The evidence regarding treatment effectiveness changed over time, after treatment effectiveness became significant in trials comparing laparoscopic and open appendectomy. Observing only the 95 % confidence interval of effect size from a meta-analysis may not provide conclusive results.
Meta-analyses of randomized controlled trials (RCTs), which combine the evidence presented in individual research reports, are expected to produce the highest level of evidence and have accordingly become increasingly important in health care . The concept of a cumulative meta-analysis, which is reanalyzed each time the results of a new trial are published, was introduced by Lau et al. in 1992 . This technique was designed to enable determinations of both clinical efficacy and harm as well as the tracking of trials and planning of future trials .
The 1992 study by Lau et al. indicated that two very large clinical trials on the efficacy of streptokinase for acute myocardial infarction [4, 5] may have been unnecessary because, according to their cumulative meta-analysis, the treatment efficacy was already statistically significant before those two trials were conducted.
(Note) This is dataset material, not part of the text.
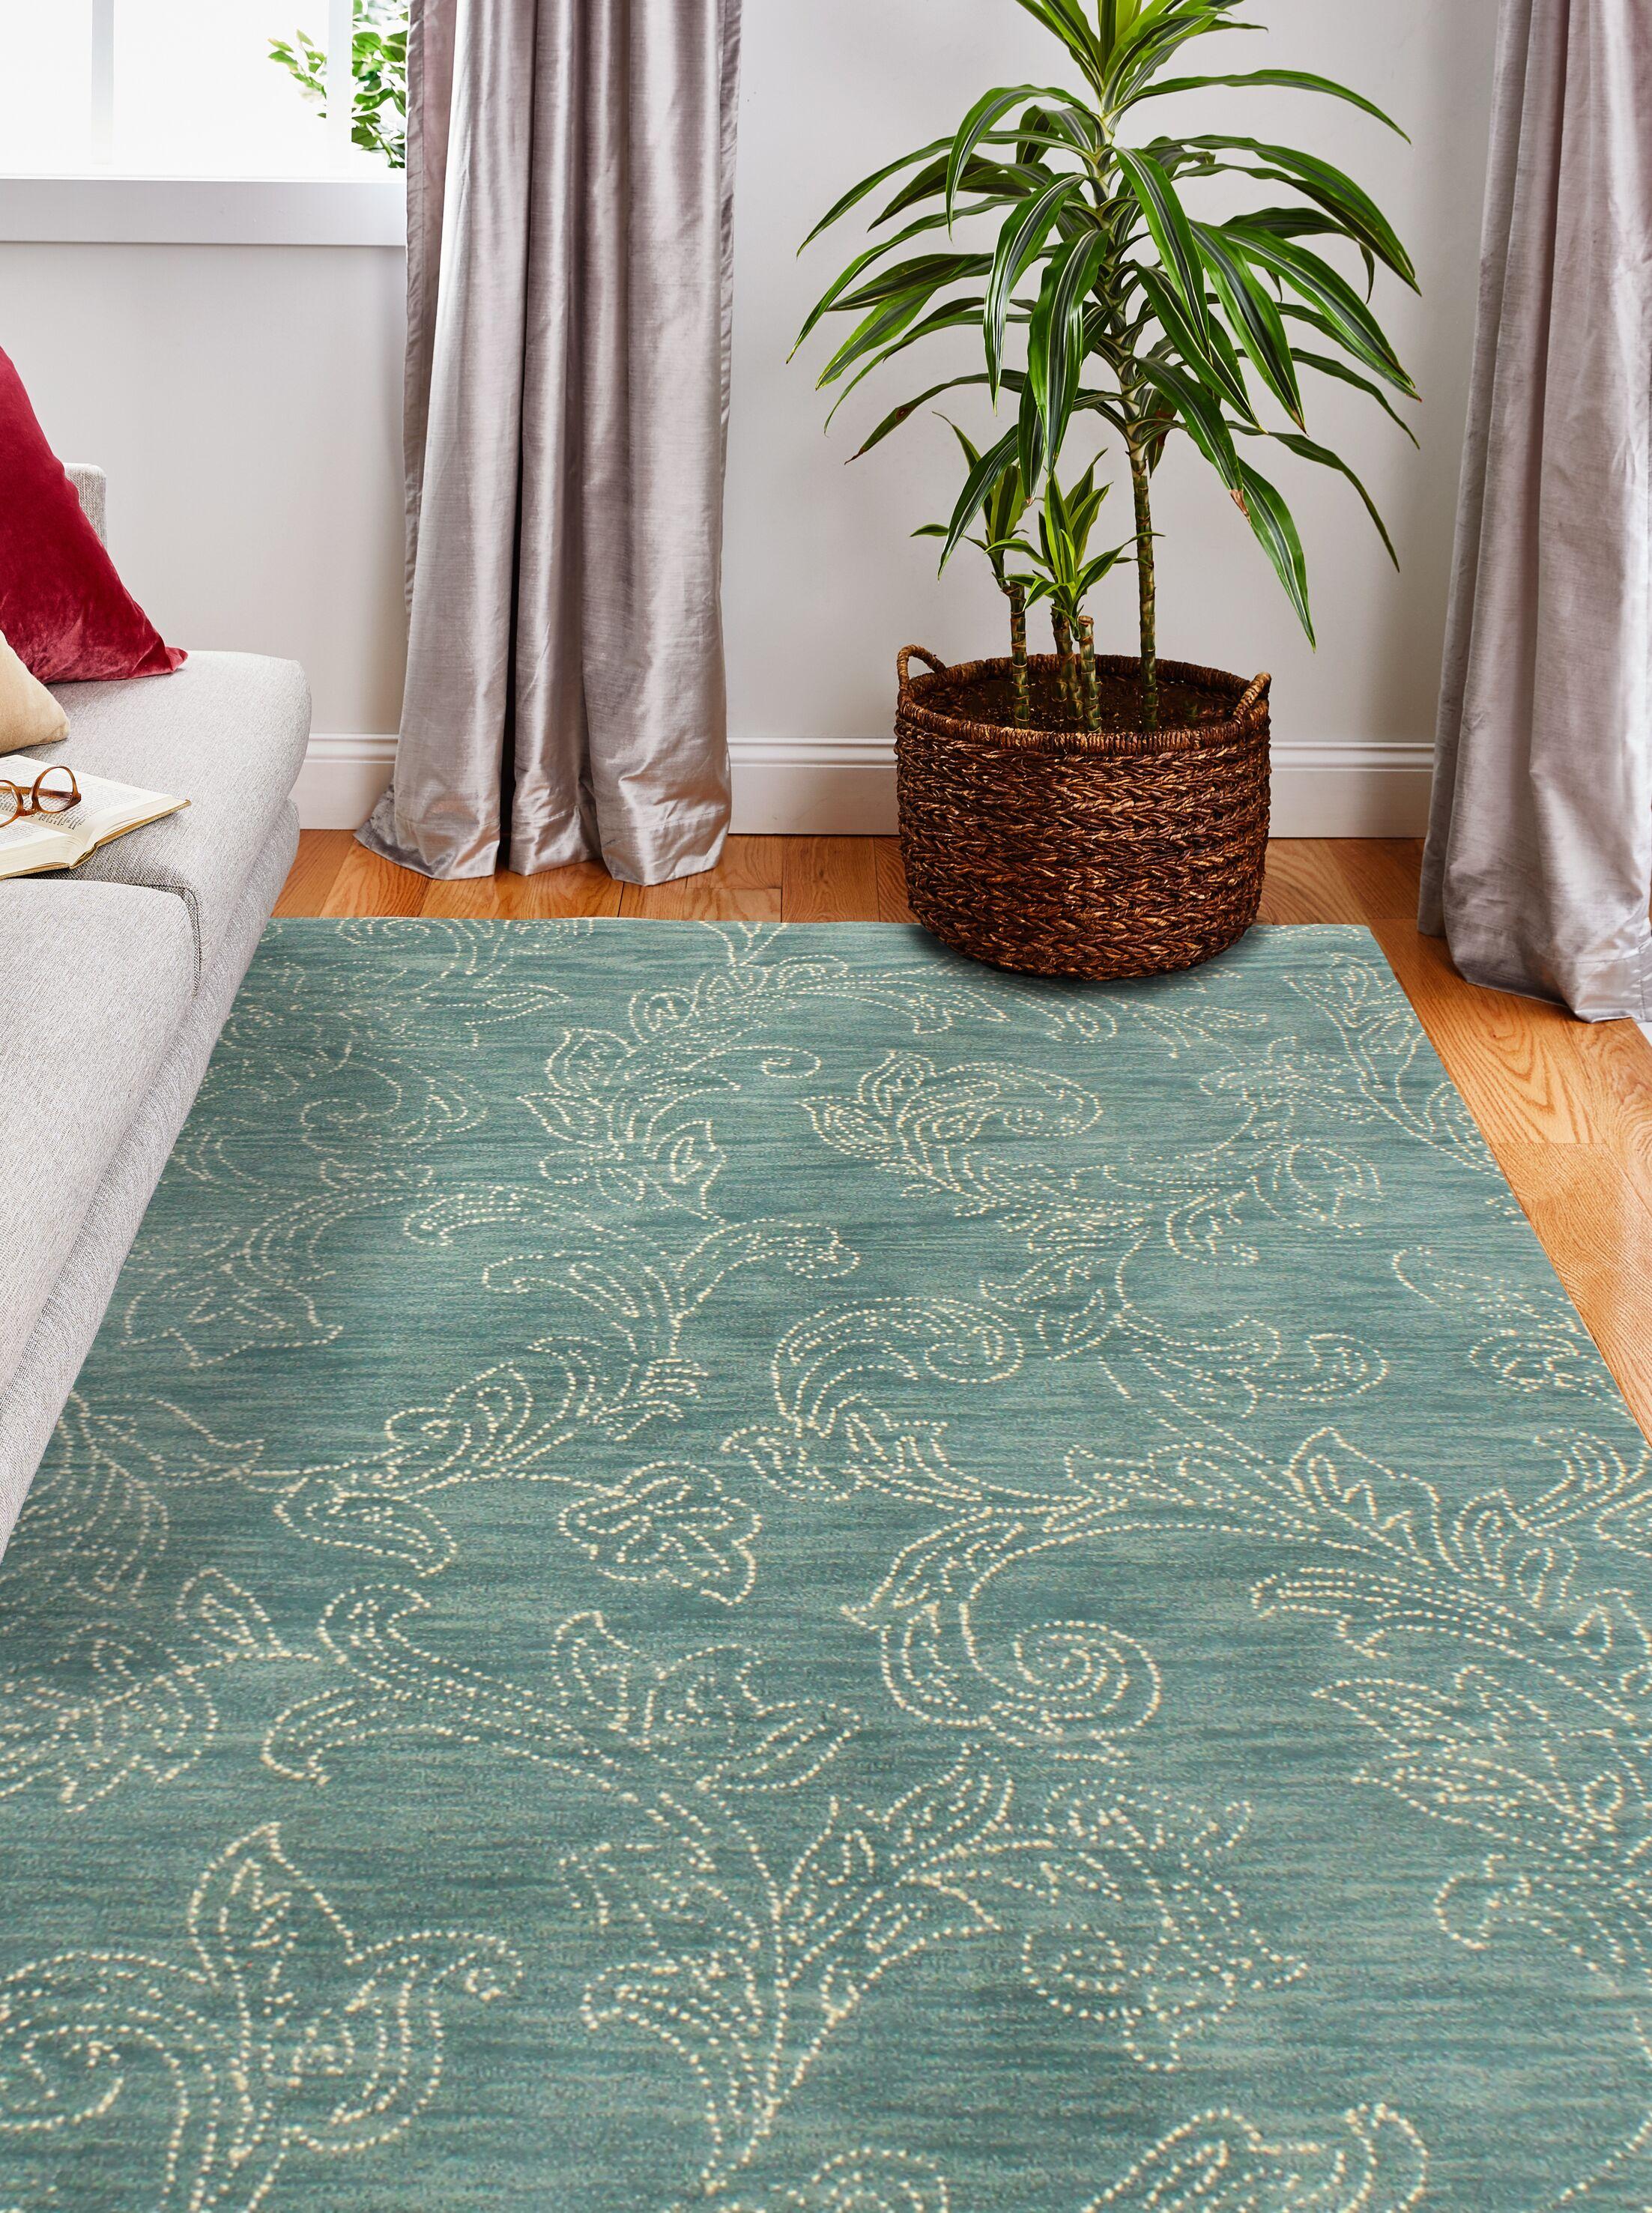 Kory Hand-Tufted Wool Teal Area Rug Rug Size: 8'6

Later, cumulative meta-analyses of other topics demonstrated that statistically significant results in meta-analyses can later disappear, especially when well-powered and well-designed trials with sufficient numbers of outcomes and patients appear. In the surgical field, it is quite possible that once a surgical intervention is established, evidence regarding its effectiveness can change over time because of the complexity of surgical trials, which involve advances in surgical equipment and techniques, progress in surgeons’ learning curves as they develop novel skills, and variations in postoperative management, among other factors .
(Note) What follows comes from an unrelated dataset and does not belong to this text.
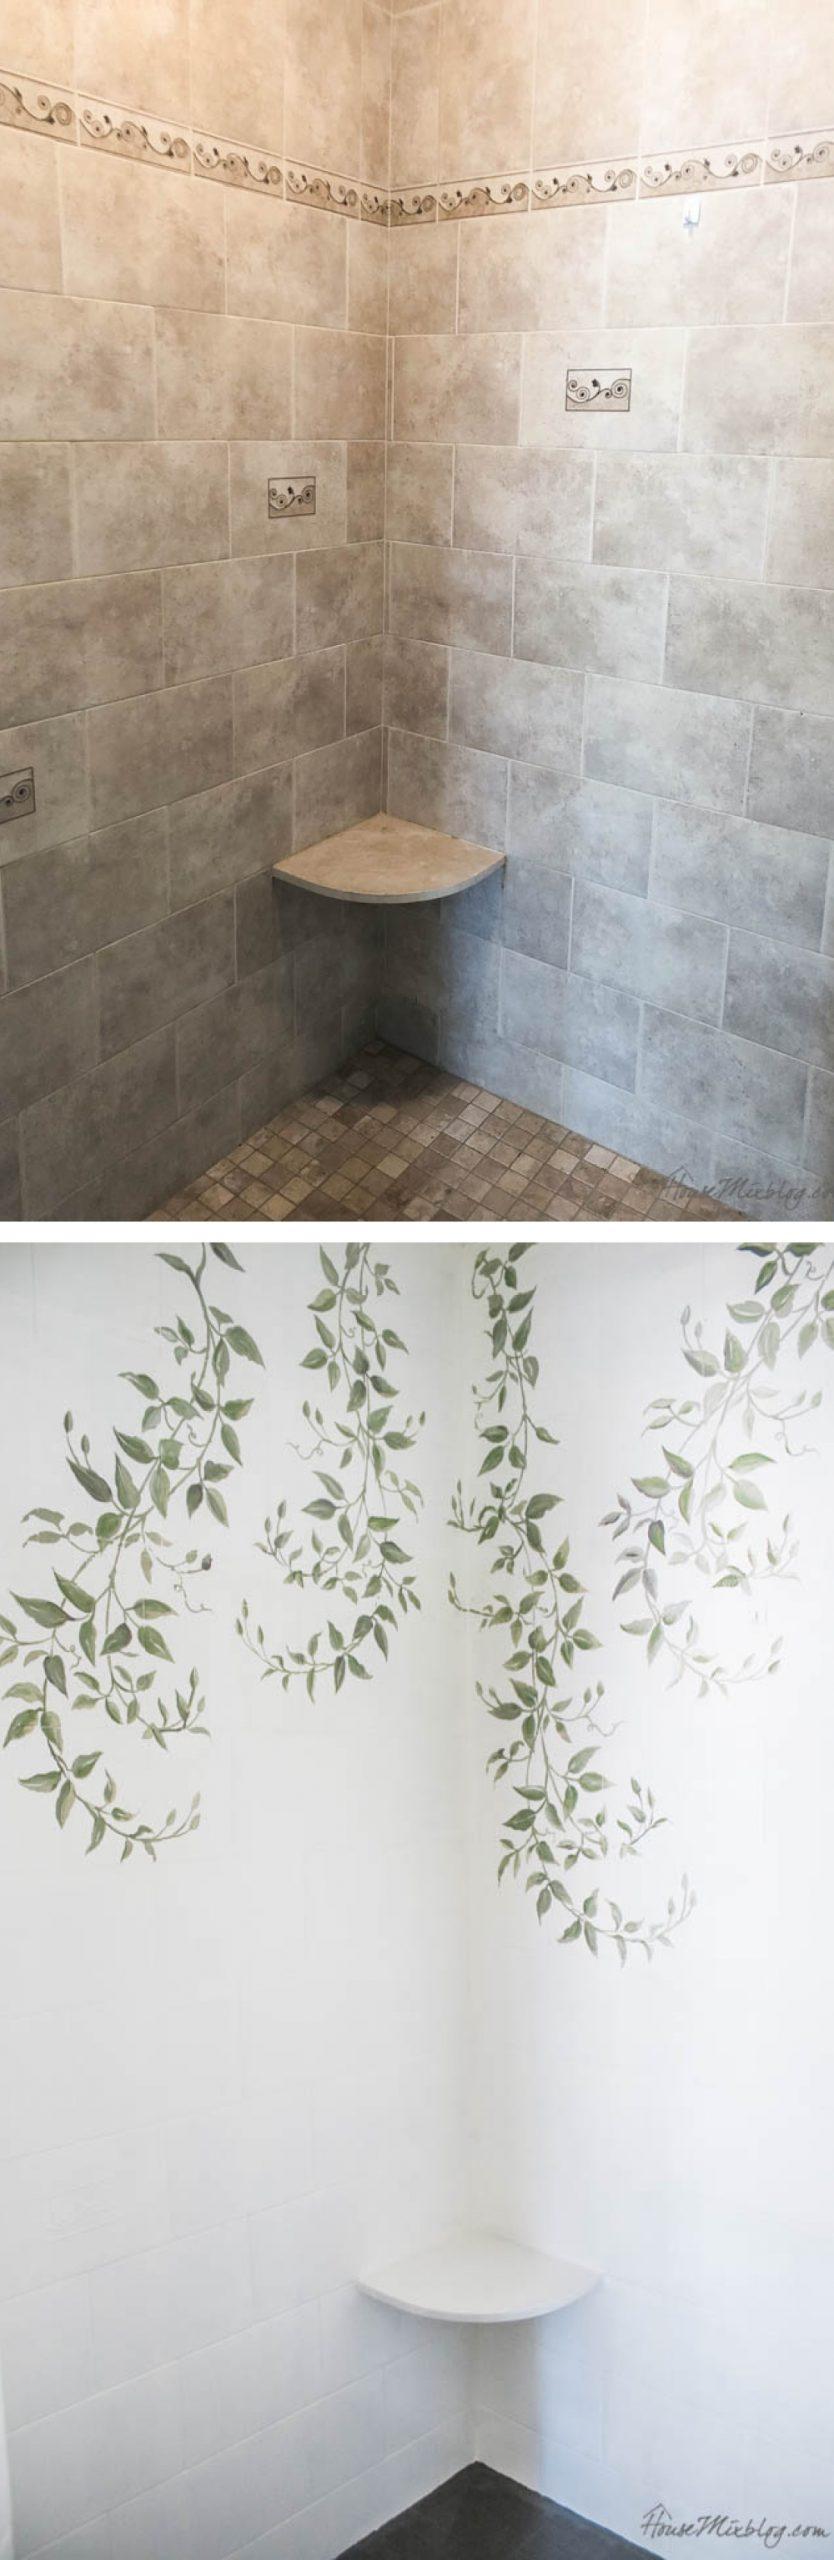 how to paint bathroom tile floor

To identify changes in the evidence obtained in surgical trials over time, we selected trials comparing the clinical effectiveness of laparoscopic appendectomy and open appendectomy for acute appendicitis. We considered this topic suitable for the observation of chronological trends because, to the best of our knowledge, this topic is associated with the highest number of RCTs in the gastroenterological surgical field . In light of the existing meta-analyses on this topic, including a Cochrane review [8–10], our purpose was to identify any changes in the evidence over time rather than the superiority of one procedure over the other.
We asked the following clinical question: might the evidence demonstrated by a meta-analysis of RCTs of surgical procedures change over time? To answer this question, we conducted a cumulative meta-analysis of RCTs that had compared laparoscopic appendectomy with open appendectomy.
Herein we conducted a cumulative meta-analysis of RCTs to ascertain chronological trends in the comparison of laparoscopic appendectomy and open appendectomy for acute appendicitis. We used the cumulative meta-analysis technique introduced by Lau et al. in 1992 . In a cumulative meta-analysis, studies are added one at a time according to their date of publication, and the results are summarized as each new study is added.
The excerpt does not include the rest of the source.